1.3  sim-alpha internals


In this section, we describe the internal working of sim-alpha.
sim-alpha is an execution-driven simulator and it executes
instructions down the mis-speculated path, in the same way an actual
processor would execute them. Thus, sim-alpha can capture the behavior
of these mis-speculated instructions. Howeve,r a disadvantage of this
approach is that the correct path is known only at commit time, and
hence perfect prediction cannot be simulated. Each stage of the 21264
pipeline is modeled in a separate file, except the register read
stage, which is bundled along with issue stage. 

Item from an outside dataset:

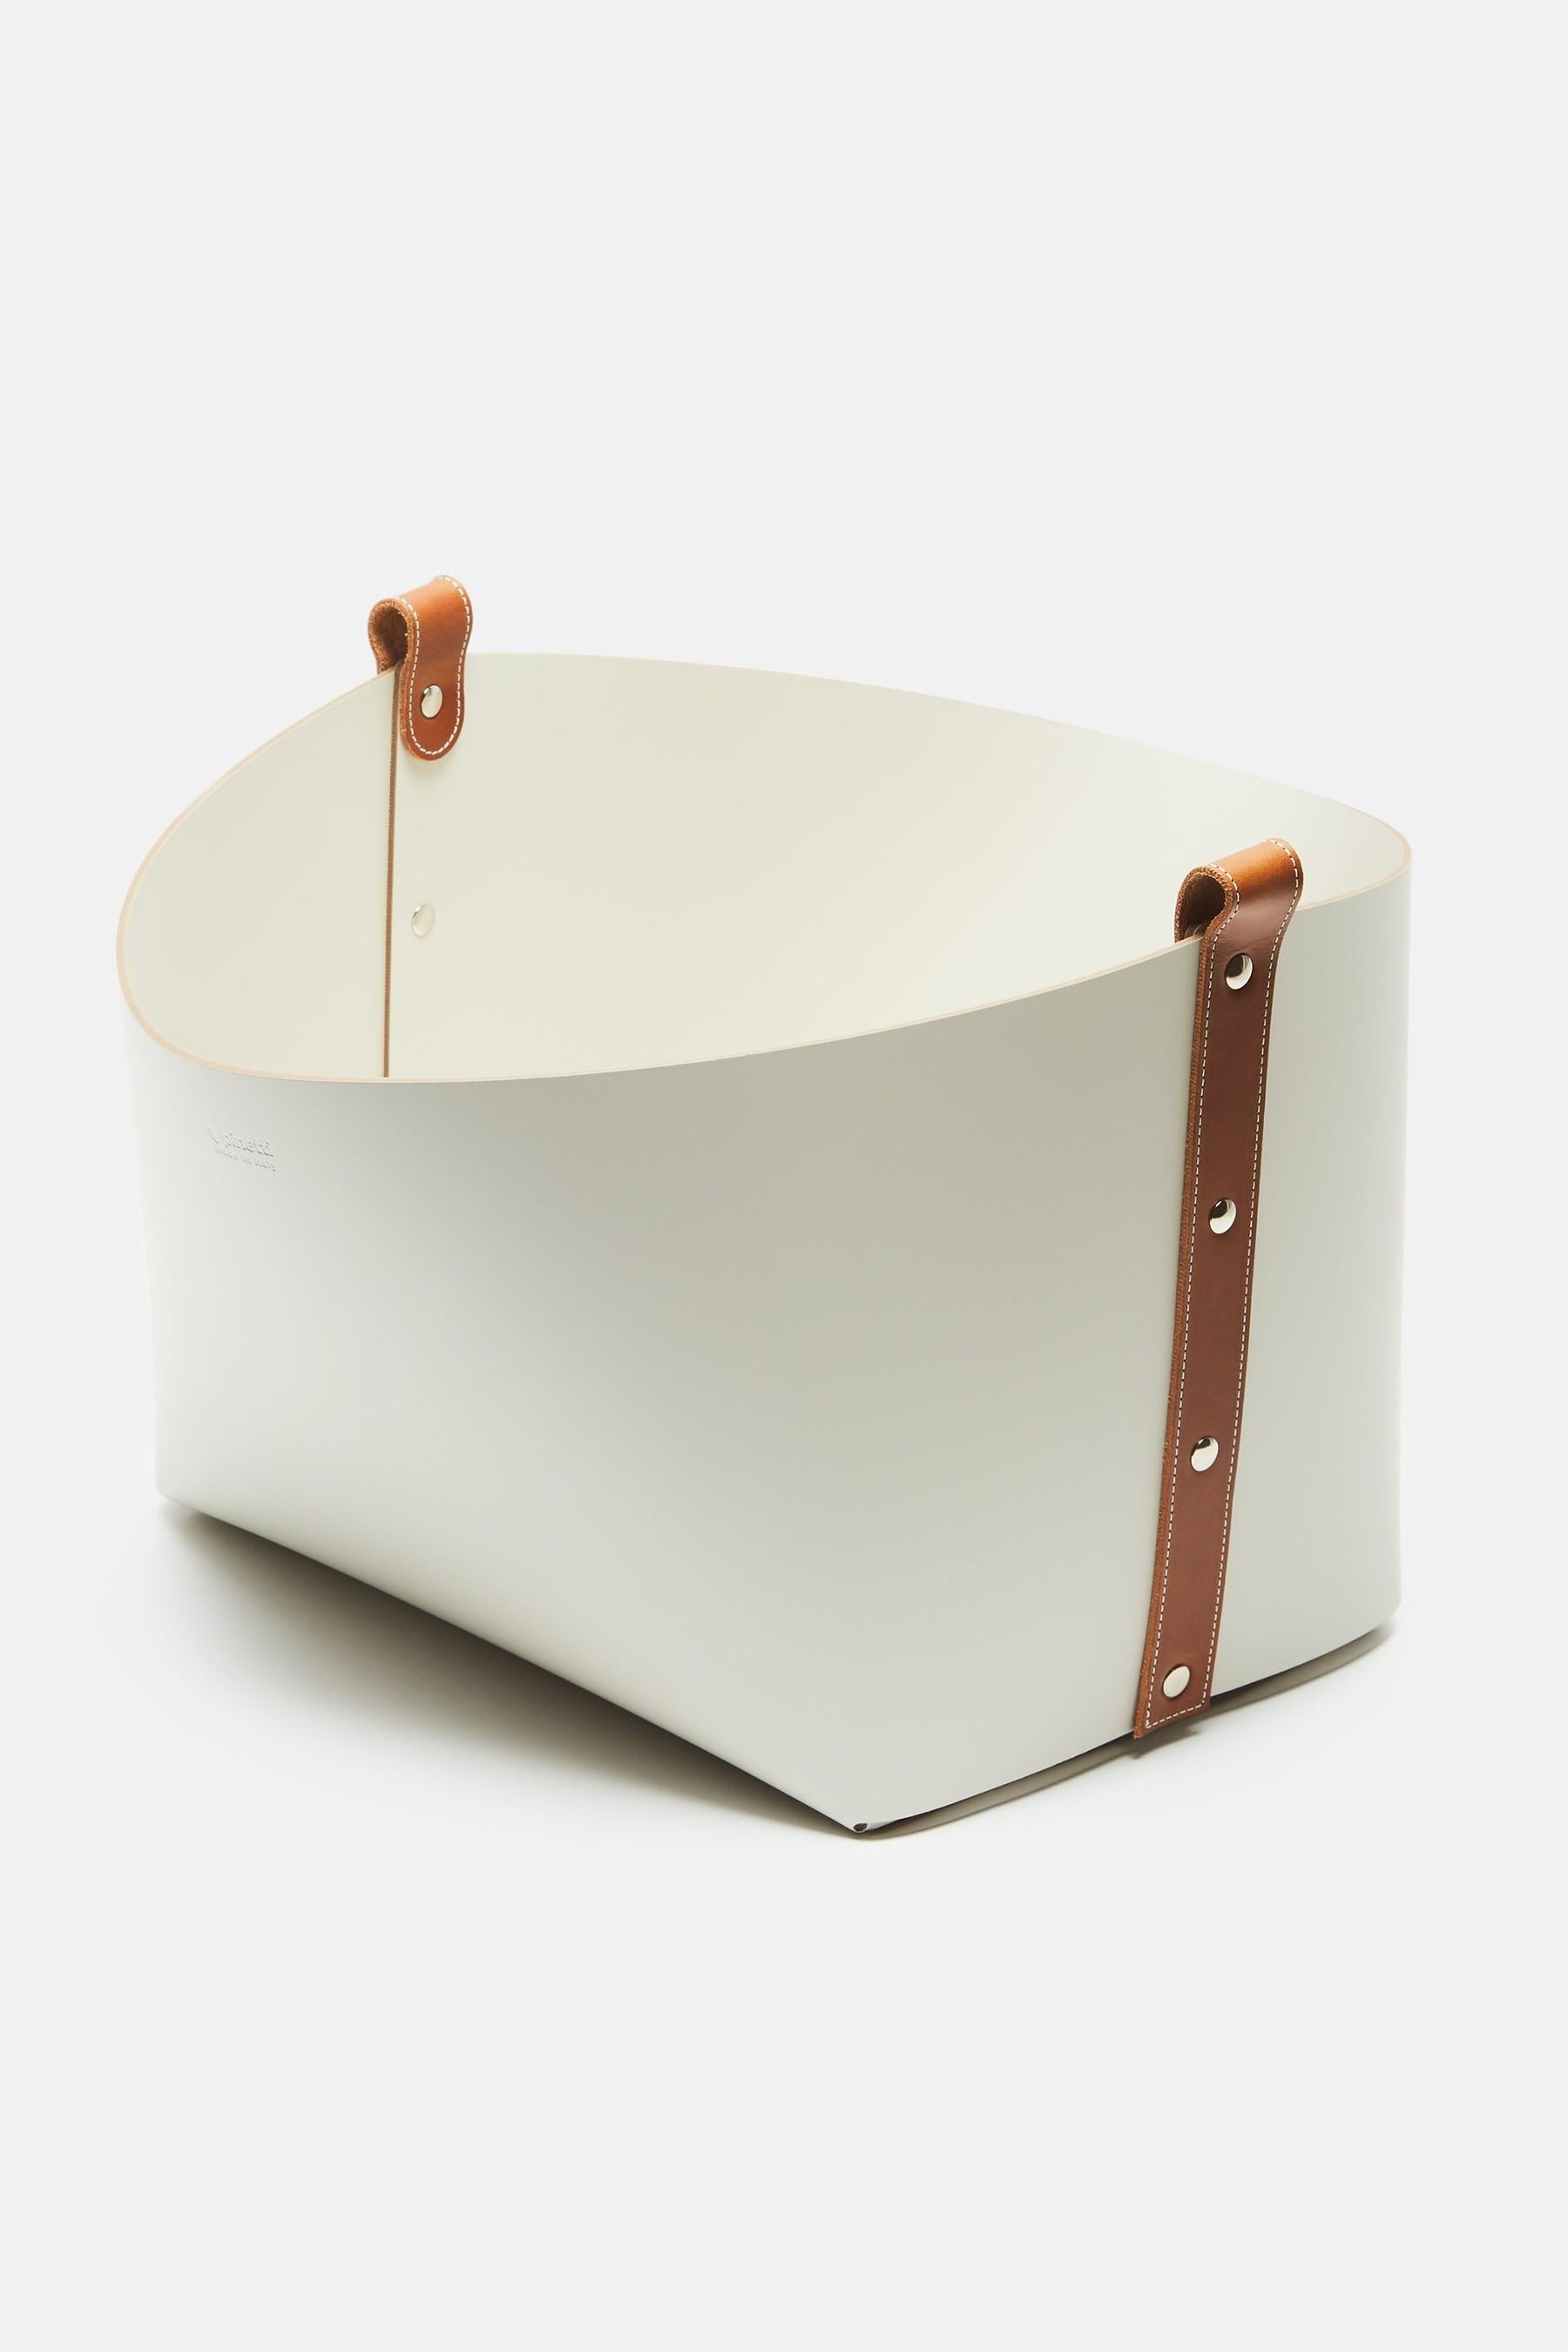 This piece belongs to the Pinetti's OVO collection of exquisitely elegant baskets made of environmentally friendly leather, that is washable, resistant to light and water and perfectly suitable for indoor as well for an outdoor use. Clean in form
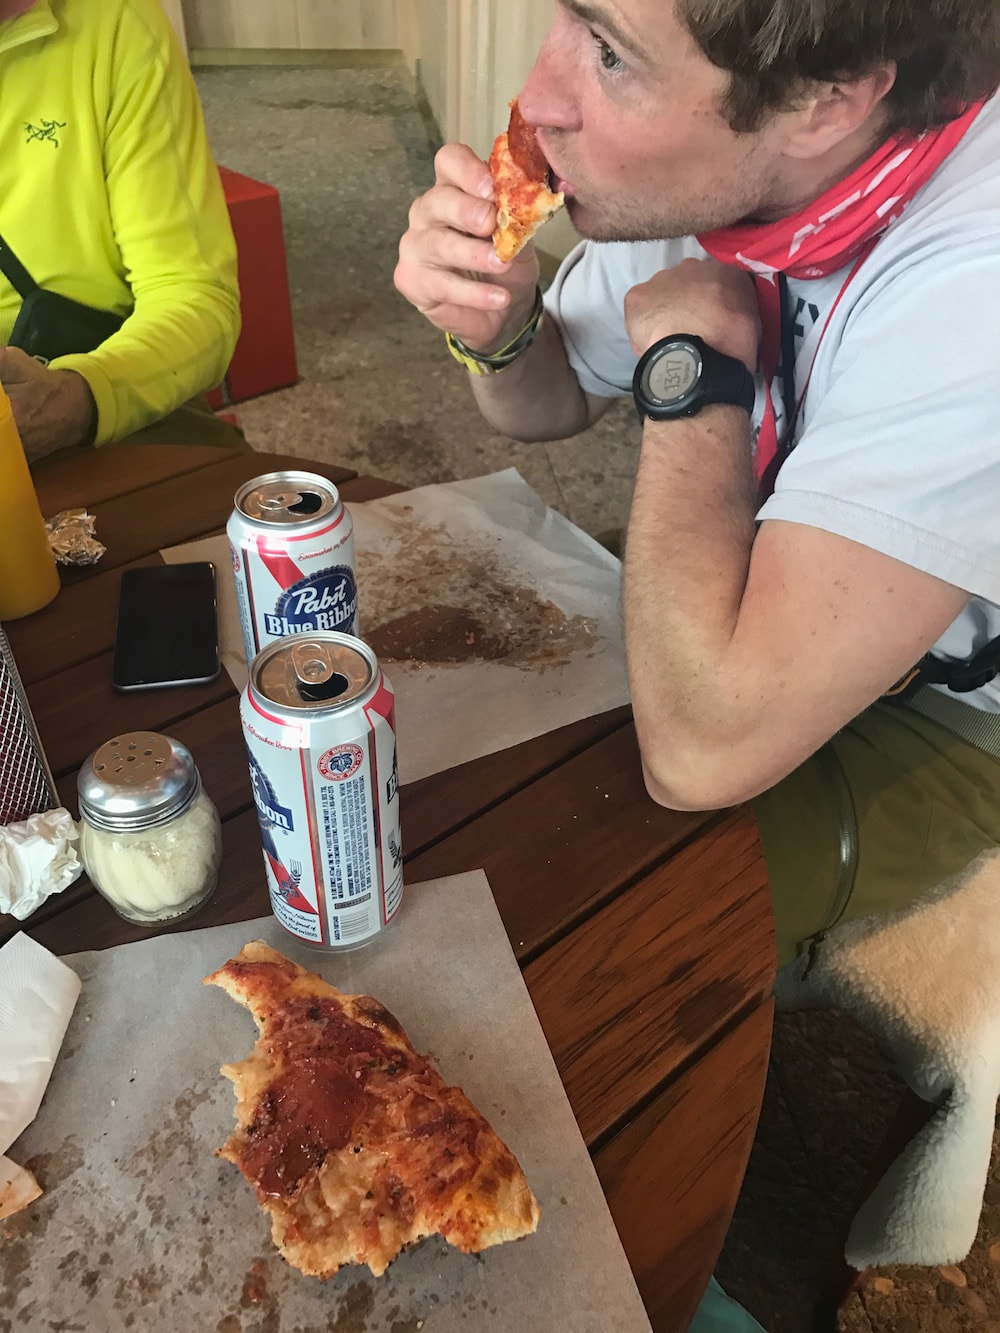 Southcable cafe has $3 PBRs and $4.50 slices of Pizza. Bryce likes it. Look at that eye... photo: snowbrains

The main loop of the simulator, located in simulate.c, looks as follows:



while(TRUE) {

  eventq_service_events();

  commit_stage();

  writeback_stage();

  issue_stage();

  map_stage();

  slot_stage();

  fetch_stage();

}



This loop is walked once for each simulated machine cycle. The
simulation is partly event driven. Before the entering the main loop,
the simulator calls the initialization functions for each pipeline
stage.  These functions set up the various data structures needed for
timing simulation.  If fast-forwarding is enabled, functional
simulation is performed till the required number of instructions are
committed, and then timing simulation starts. 


The simulator also supports eio tracing. eio traces ensure that the
values returned by system calls are the same across different
runs. With eio traces, the user can also drop checkpoints, and later
start simulation from the check point. 


The fetch stage of the pipeline is implemented in fetch_stage().  The
fetch stage accesses the instruction cache, and fetches fetch_width
number of instructions per access.  The accesses are always aligned on
a fetch_width boundary. The fetch speed determines how many
discontinuous fetches can be performed by the processor per cycle. The
line predictor provides the next I-cache line to fetch.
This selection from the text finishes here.